If they don't die, do they survive? I would love to try breeding those little guys but there don't seem to be any successful accounts of it.


----------



## EKLiu (Jan 14, 2010)

I had a CRS that had some babies in a tank of CPDs and Ember Tetras. Only 2 of those baby CRS survived to reach a size in which they won't get eaten. I am planning on breeding those since they are probably the toughest and smartest CRS around.


----------



## mordalphus (Jun 23, 2010)

nope, they die 3 days later... I'm assuming from starvation... They'd probably survive if kept in a phyto culture.


----------



## Betta Maniac (Dec 3, 2010)

mordalphus said:


> mine don't bother the shrimp in their tank, lots of babies. There is a lot of belem hairgrass and hiding places though.


Well that's good to know. The tank is heavily planted (lots of blyxa for them to hide in) and I really do want to _try_ having shrimp in it. But I may try a few cheap RCS before releasing my CBS.


----------



## mordalphus (Jun 23, 2010)

yeah, try rcs first, and don't drop them in from the top like food


----------



## Betta Maniac (Dec 3, 2010)

mordalphus said:


> yeah, try rcs first, and don't drop them in from the top like food


It took the CPDs a few weeks to figure out that when I feed the betta there are tasty worms raining from the sky. Now they school below him like hungry sharks . . .


----------



## gordonrichards (Jun 20, 2009)

Depressing for me, but not too terrible! Just wanted to remind people that never get an established colony: its the fish.

-Gordon


----------



## Bell (Nov 11, 2010)

Yes... it's the fish... 6 months down the line and I've also learned the hard way  Have said goodbye to the fish about a month ago... first fish-free clutch hatched a few days ago. All in hiding now, though I spotted at least 6 on the first day... transparent little buggers! Very happy, I've never seen so many shrimplets (that's 6...) in my life!


----------



## gordonrichards (Jun 20, 2009)

If you see 6, chances are there is 2x-3x the amount hiding in your tank. :^) Enjoy your new babies!


----------



## Captivate05 (Feb 23, 2010)

I kinda wish my Gertrudaes would start eating shrimplets. I have more stupid RCS babies than I know what to do with. The fish pretty much ignore the ballsy little buggers. The baby shrimp don't even hide from them anymore.

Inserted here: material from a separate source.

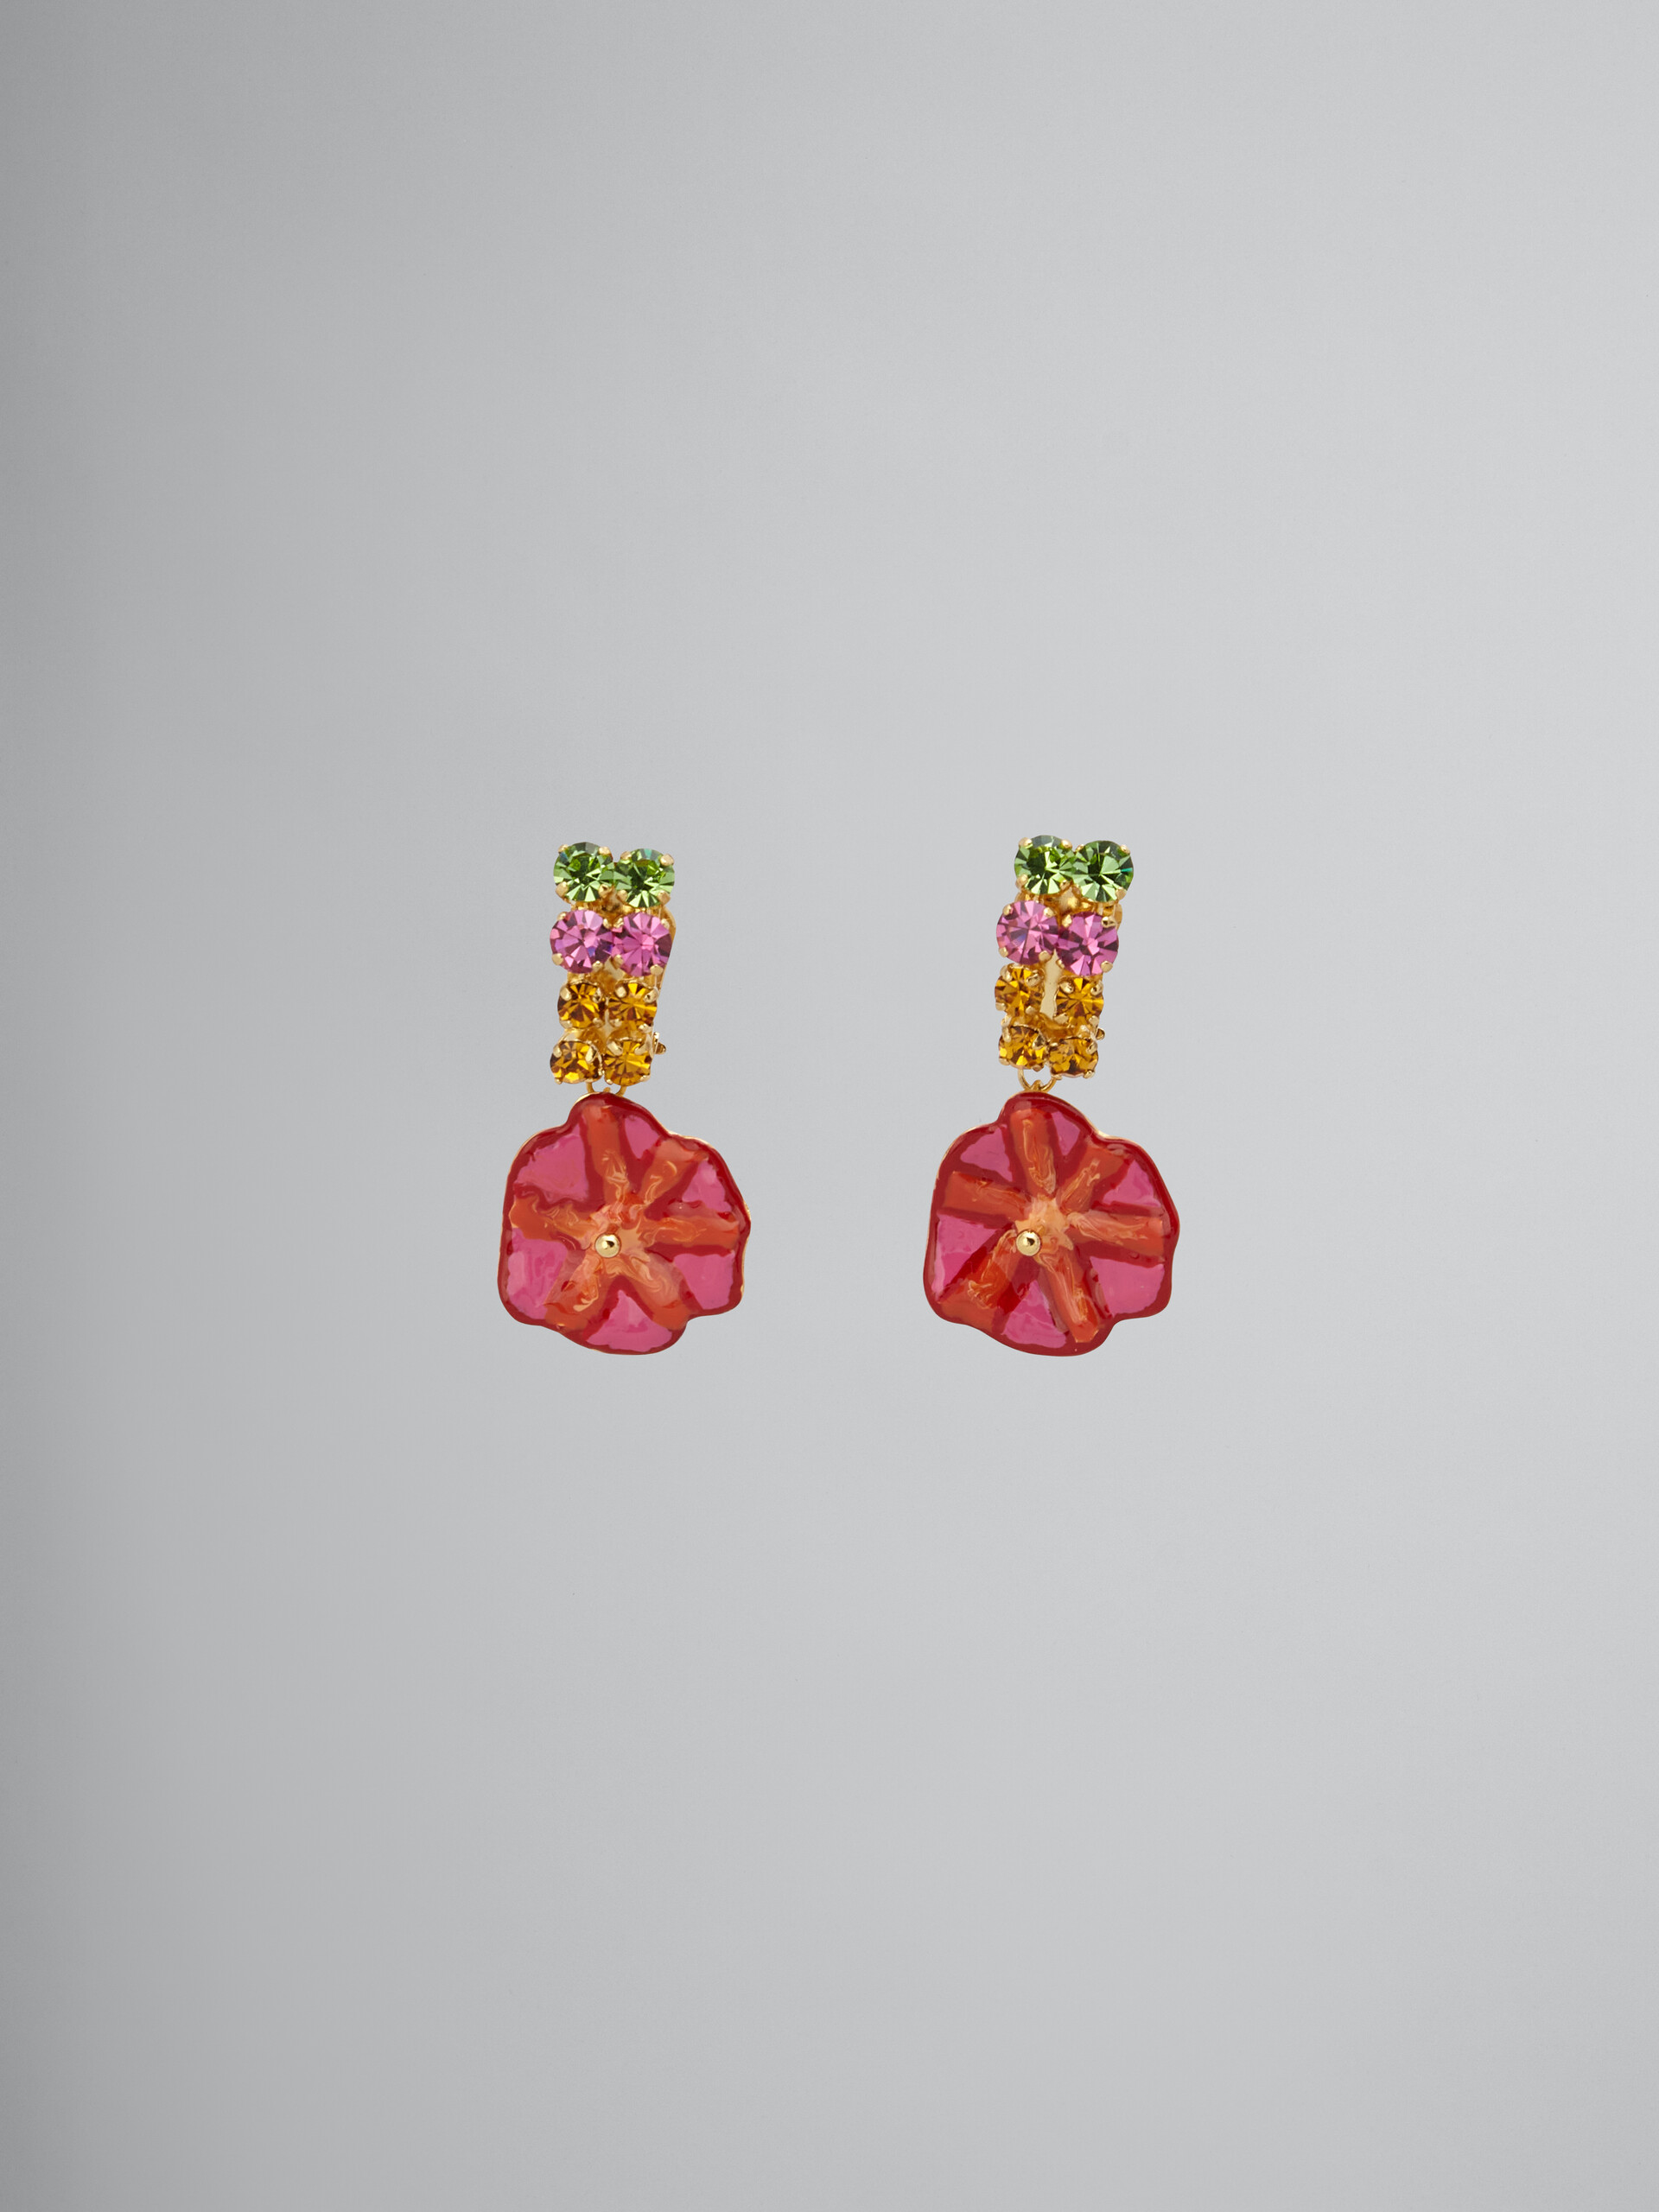 Brass and rhinestone FLORA earrings - Earrings - Image 1

The Gertrudaes are pretty aggressive feeders too...


----------



## reybie (Jun 7, 2007)

I only keep corys and plecos with the shrimp, everything's ok so far.


----------



## Moe (Jan 22, 2004)

who keeps fish tanks any more? I had fish for 15 years and gave them up for shrimp:icon:biggrin: it sucks when you see your shrimp taken out by fish...


----------



## Captivate05 (Feb 23, 2010)

Moe said:


> who keeps fish tanks any more? I had fish for 15 years and gave them up for shrimp:icon:biggrin: it sucks when you see your shrimp taken out by fish...


LOL, sucks when your shrimp attack your fish, like mine do. They are getting better about it now that I've upped their food a bit more, but every once in a while, they will still pounce the fish, particularly the zebra oto 

Of course, the zebra oto fights with them over their food...


----------